Parks, bicycles and common sense

October 10th, 2014

Note to reader. This is one of my rants- sorry in advance for getting serious.

I don’t know if there is a word better than “Park” to envision thoughts of a family gathering together outdoors to play outdoors. Obviously I’m describing the kind of park of green grass, trees, benches and annoying mosquitoes. Not the asphalt kind where vehicles are placed, although one does effect the other as I’ll explain.

I live in Edmonton, sometimes described as a winter city. We’re about the same latitude as Moscow and I suppose roughly the same climate as the Russian city- five months of winter and a short but lovely summer. If you think of Moscow I doubt you have visions of bicycle riders enjoying a ride along the streets. That didn’t stop Edmonton city council to decide we need bicycle paths everywhere.
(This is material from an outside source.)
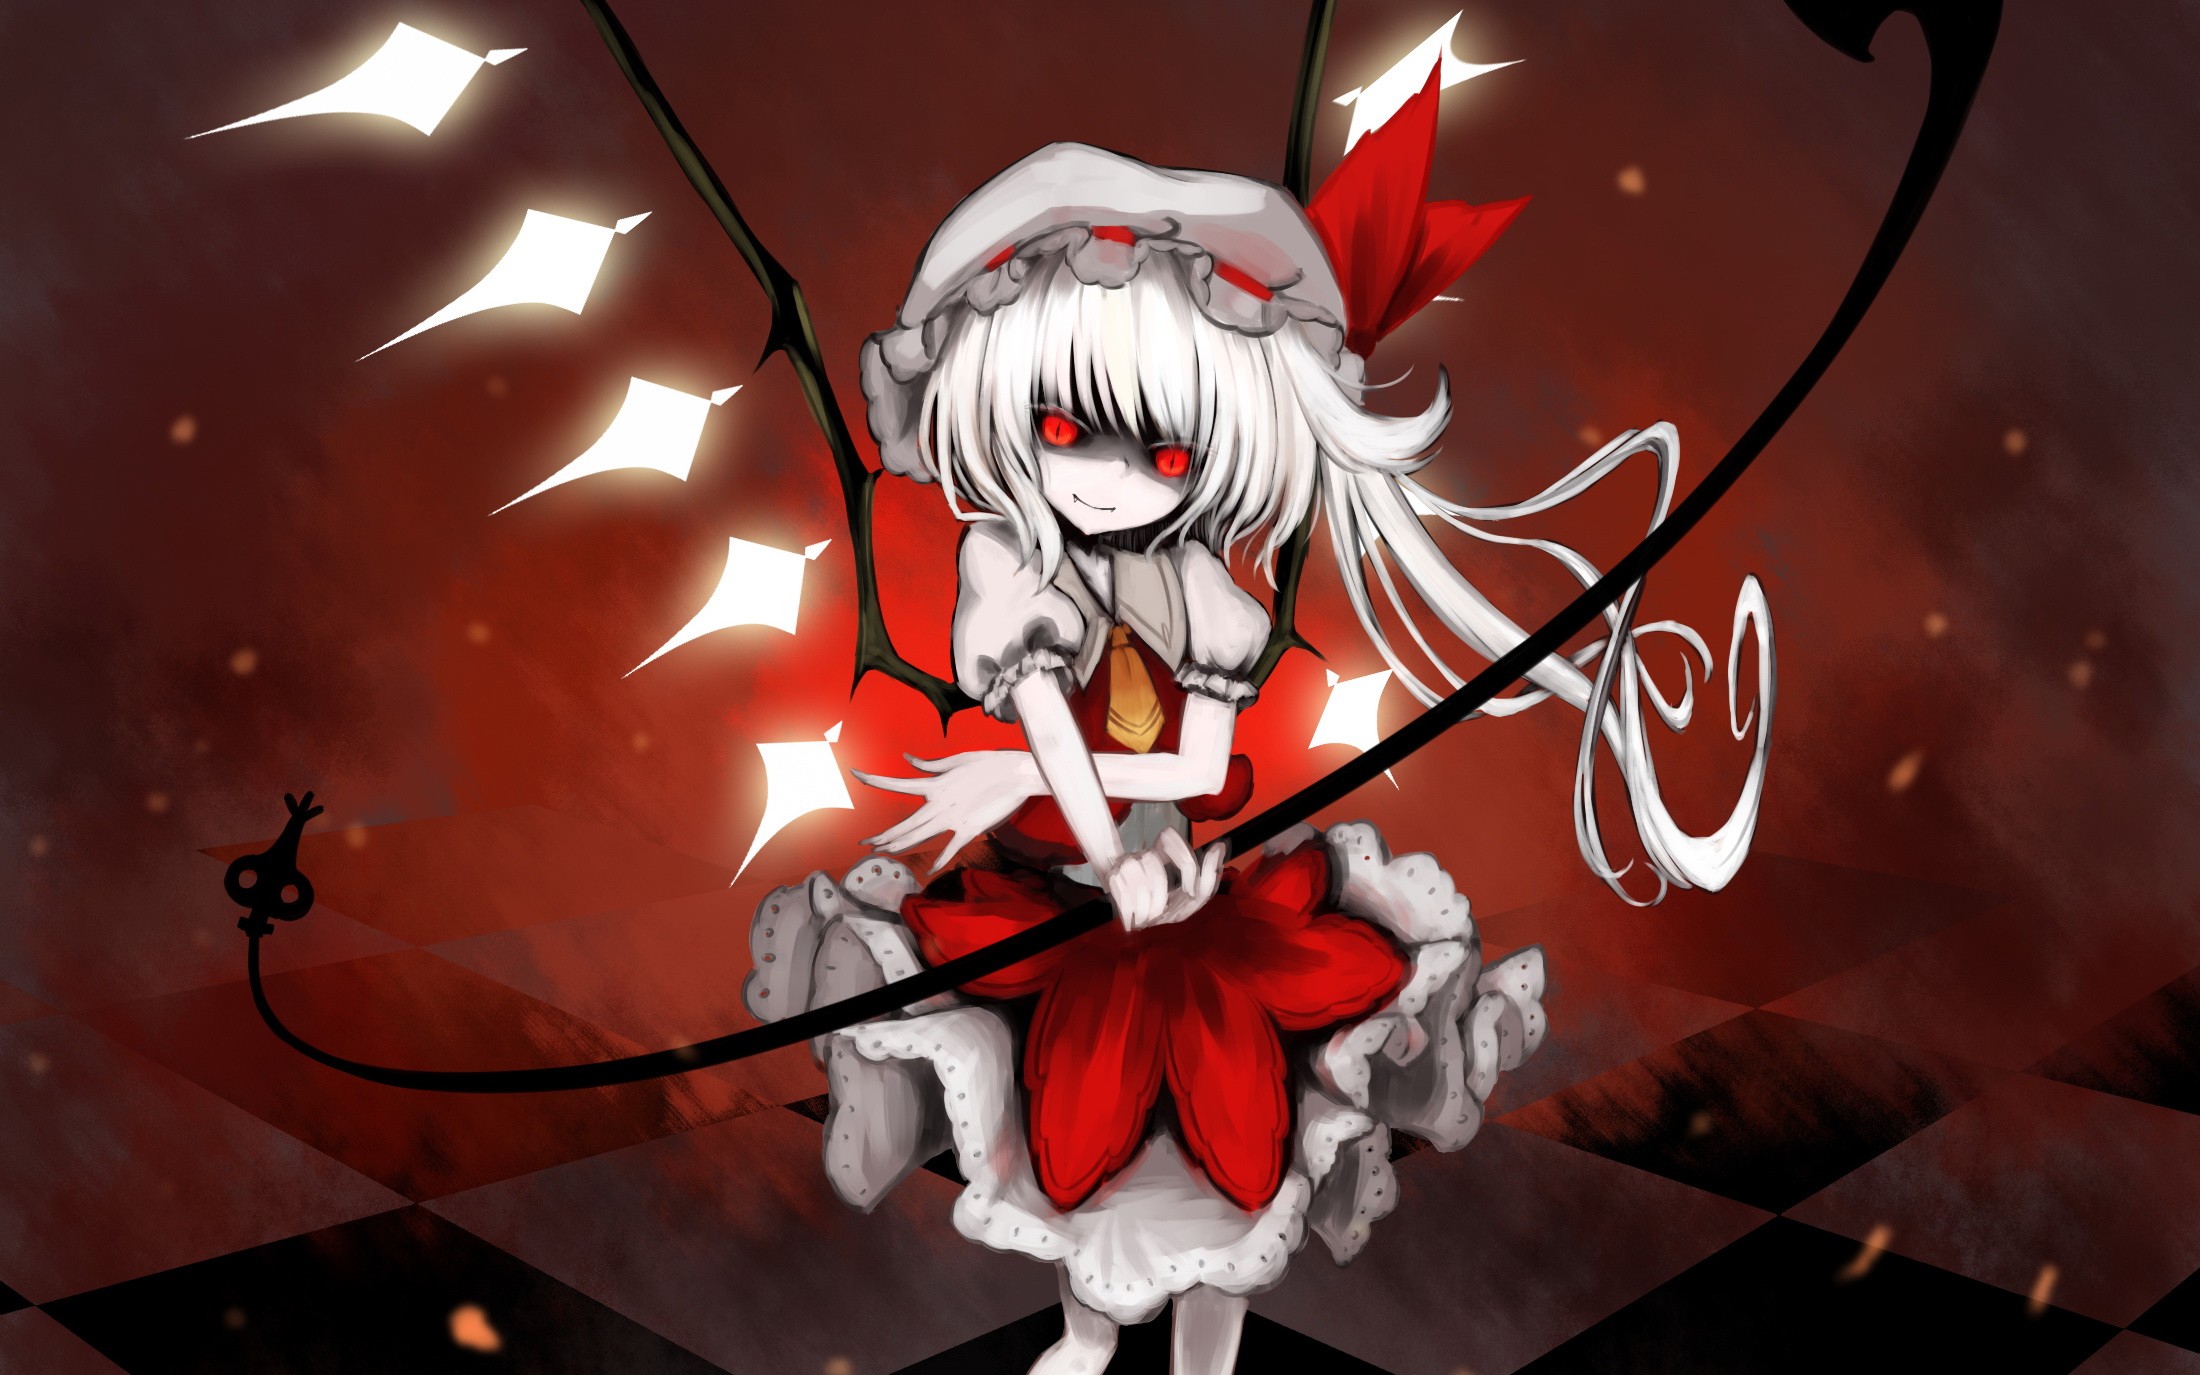 video, Games, Touhou, Wings, Skirts, Long, Hair, Weapons, Vampires, Red, Eyes, Checkered, Spears, Ponytails, White, Hair, Flandre, Scarlet, Hats, Glowing, Eyes, Laevateinn, Slit, Pupils, Side, Ponytail Wallpaper

Our neighbourhood has several bike paths that are marked on the streets. They are well use; last August I saw three bicycles. For the whole month. That number went down in September to one. I suspect when we have our five months of winter that number may go down even lower.

In our area we have a lovely park that has deep slopes (part of a city project to divert storm water). Last year it was used during the winter by dozens of kids to toboggan and sled. They had a great time. Parents drove up with kids and toboggans and waited in their parked vehicles as the kids raced down the snowy slopes.

But no more. The four lane avenue that went by the park is now two lanes with the extra lanes converted for bicycles only. “No Parking” signs were erected on all surrounding streets to ensure no one can use park again. The park sits empty. They might as well put up a “No Trespassing” sign.

I phoned the city. The gentlemen from the transportation department was sympathetic, but told me the bicycle committee makes the decision where bicycle routes go. Apparently the routes don’t go through common sense. I would have thought our children should have priority over a ill planned bicycle route. Wishful thinking.